TRAIN_DATASET_PATH="../../etl/data/processed/ORLConverter/01_train_orl.txt"
VAL_DATASET_PATH="../../etl/data/processed/ORLConverter/01_val_orl.txt"
TEST_DATASET_PATH="../../etl/data/processed/ORLConverter/01_test_orl.txt"

GENERATE_DATASET=True

BASE_MODEL_NAME="distilbert-base-german-cased"

TRAINED_MODEL_NAME="./data/trained_model_german_bert"

In [28]:
def read_sents(dataset_path):
    sents = []

    with open(dataset_path, "r", encoding="utf-8") as f:
        for c, l in enumerate(f.readlines()):
            if c < 100:
                pass
            sents.append(l.strip())

    # Der Minister findet die Debatte langweilig.
    real_sents = sents[1::2]

    # Der HOLDER findet die TARGET langweilig.
    masked_sents = sents[0::2]

    assert len(real_sents) == len(masked_sents), "Nr of masked and real sentences are not equal!"

    print(f"Total rows in the data: {len(real_sents) + len(masked_sents)}")
    
    return real_sents, masked_sents

train_sents_real, train_sents_masked = read_sents(TRAIN_DATASET_PATH)
val_sents_real, val_sents_masked = read_sents(VAL_DATASET_PATH)
test_sents_real, test_sents_masked = read_sents(TEST_DATASET_PATH)

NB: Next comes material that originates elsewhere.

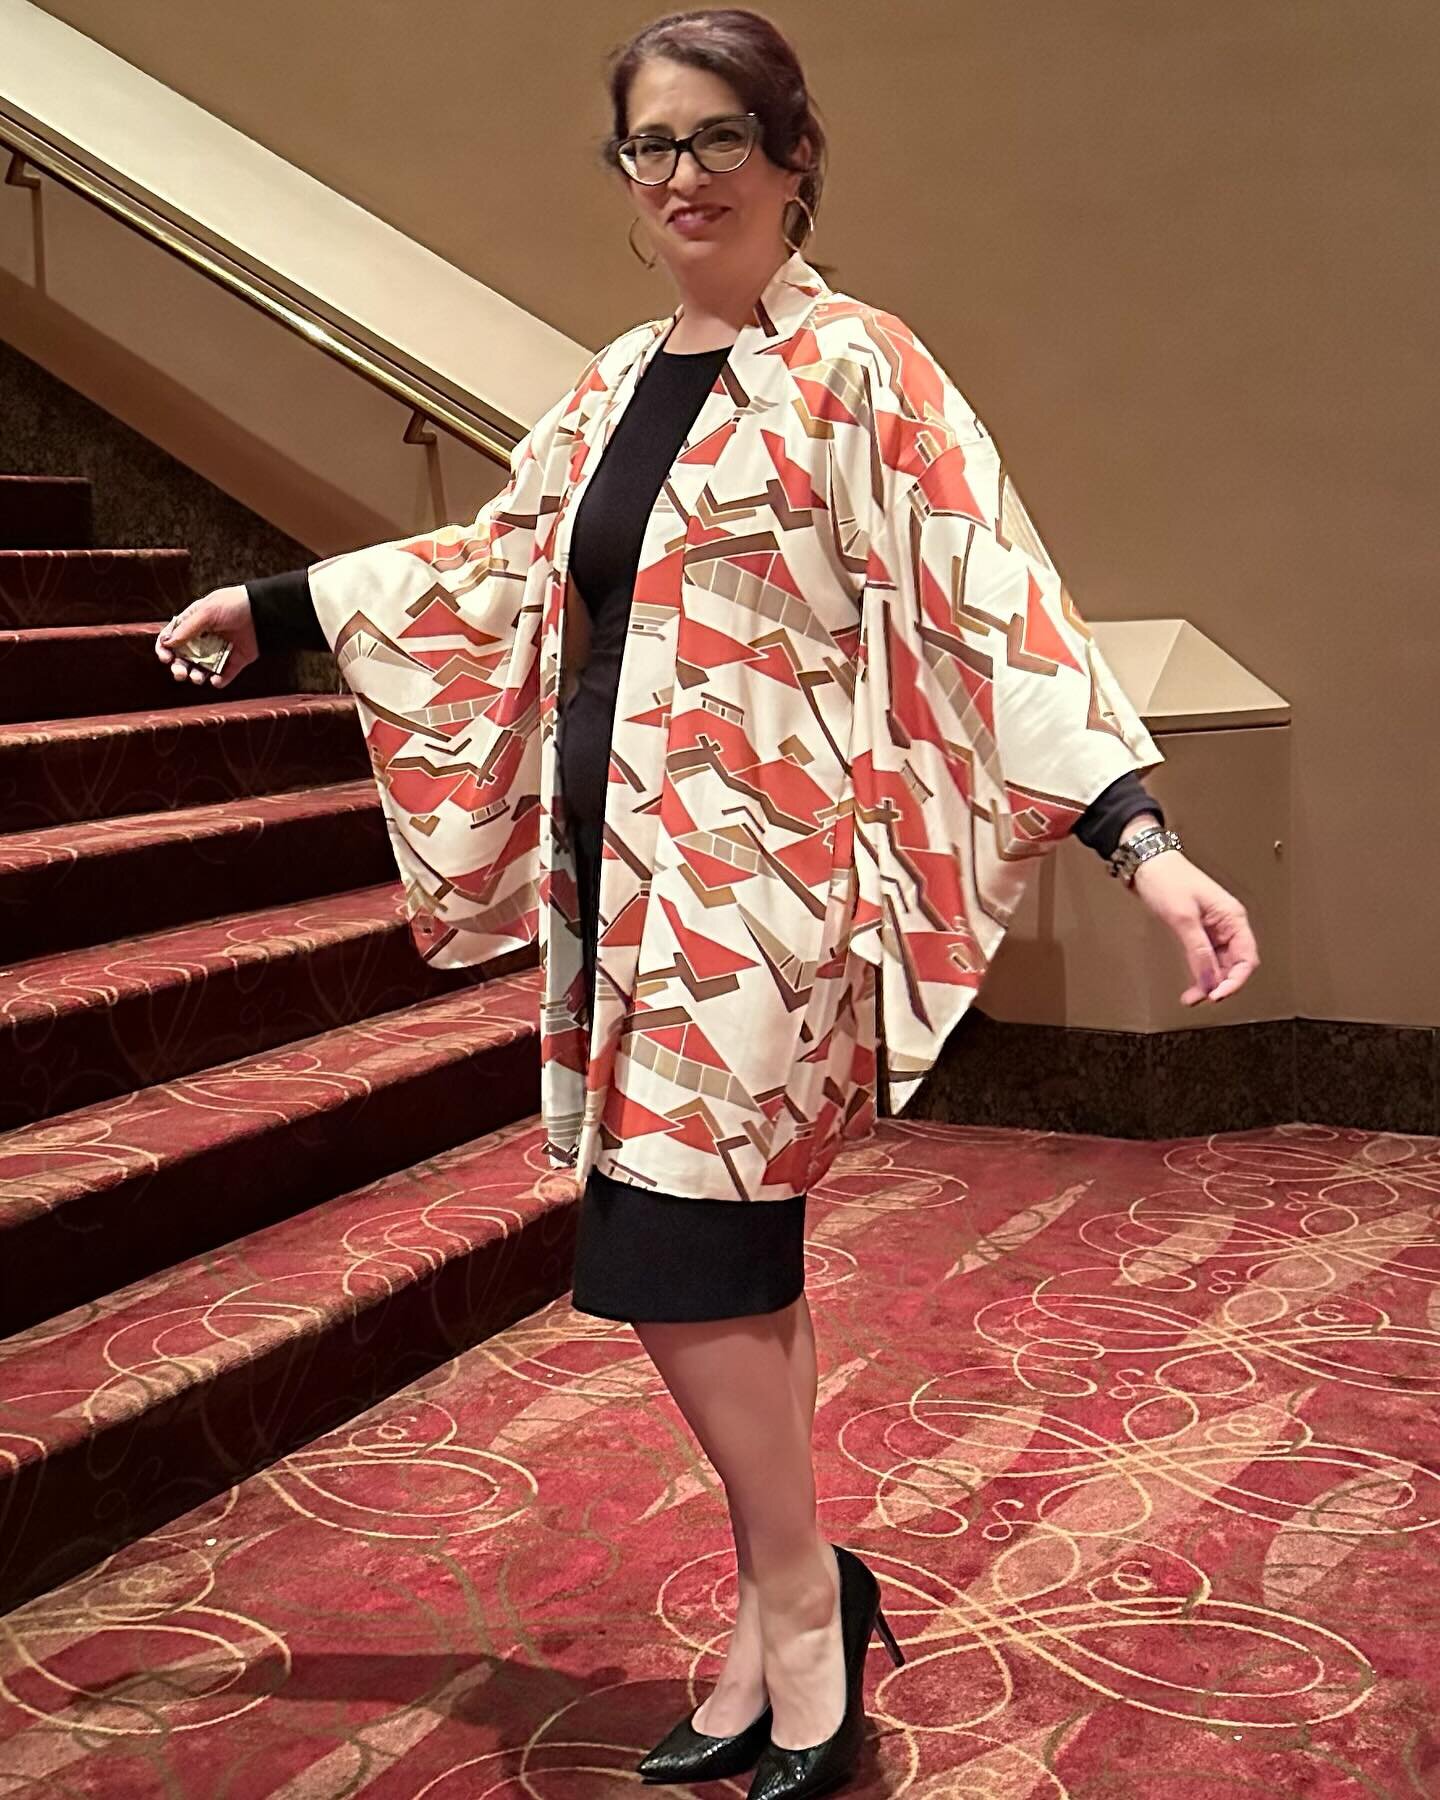 I finally got to wear the vintage kimono that I bought from @leonieanddavid to see @hgopera perform Madame Butterfly. I love it when my outfit is on theme!

Total rows in the data: 8382
Total rows in the data: 2406
Total rows in the data: 2390


In [29]:
NER_labels = ["O", "HOLDER", "TARGET", "PEXP"]

test_sent = ["Peter sowie Lucy mag Katzen sowie auch Hunde ."]
test_sent_masked = ["HOLDER sowie HOLDER mag TARGET sowie auch TARGET ."]

def align_sentences(real_sentences, masked_sentences, NER_labels):
    """Given two sentences that have their word-level tokens delimited by a white-space, 
    create NER-tags for each sentence token.
    """
    dataset = []
    
    max_multiple_holders = 0
    max_multiple_targets = 0
    max_multiple_pexps = 0

    for i, real_sentence, masked_sentence in zip(range(0,len(real_sentences)), real_sentences, masked_sentences):
        ner_tags = []
        real_sentence_split = real_sentence.split(" ")
        masked_sentence_split = masked_sentence.split(" ")
        
        # target / holder counting
        target_cnt = 0
        holder_cnt = 0
        pexp_cnt = 0

        assert len(real_sentence_split) == len(masked_sentence_split), "Misalignment of length of tokens in sentence." \
        + str(real_sentence_split) + str(masked_sentence_split) + str(i)

        for real_token, masked_token in zip(real_sentence_split, masked_sentence_split):
            if real_token == masked_token:
                ner_tags.append(0)
            elif masked_token == "HOLDER":
                holder_cnt += 1
                tag_index = NER_labels.index(masked_token)
                ner_tags.append(tag_index)
            elif masked_token == "TARGET":
                target_cnt += 1
                tag_index = NER_labels.index(masked_token)
                ner_tags.append(tag_index)
            elif masked_token == "PEXP":
                pexp_cnt += 1
                tag_index = NER_labels.index(masked_token)
                ner_tags.append(tag_index)

        dataset.append({
            "id": i,
            # remove the magic tokens from the sentences, 
            # since we will pass the sentences through the tokenizer again.
            "ner_tags": ner_tags[1:-1],
            "tokens": real_sentence_split[1:-1],
        })
    max_multiple_holders = max(max_multiple_holders, holder_cnt)
    max_multiple_targets = max(max_multiple_targets, target_cnt)
    max_multiple_pexps = max(max_multiple_pexps, pexp_cnt)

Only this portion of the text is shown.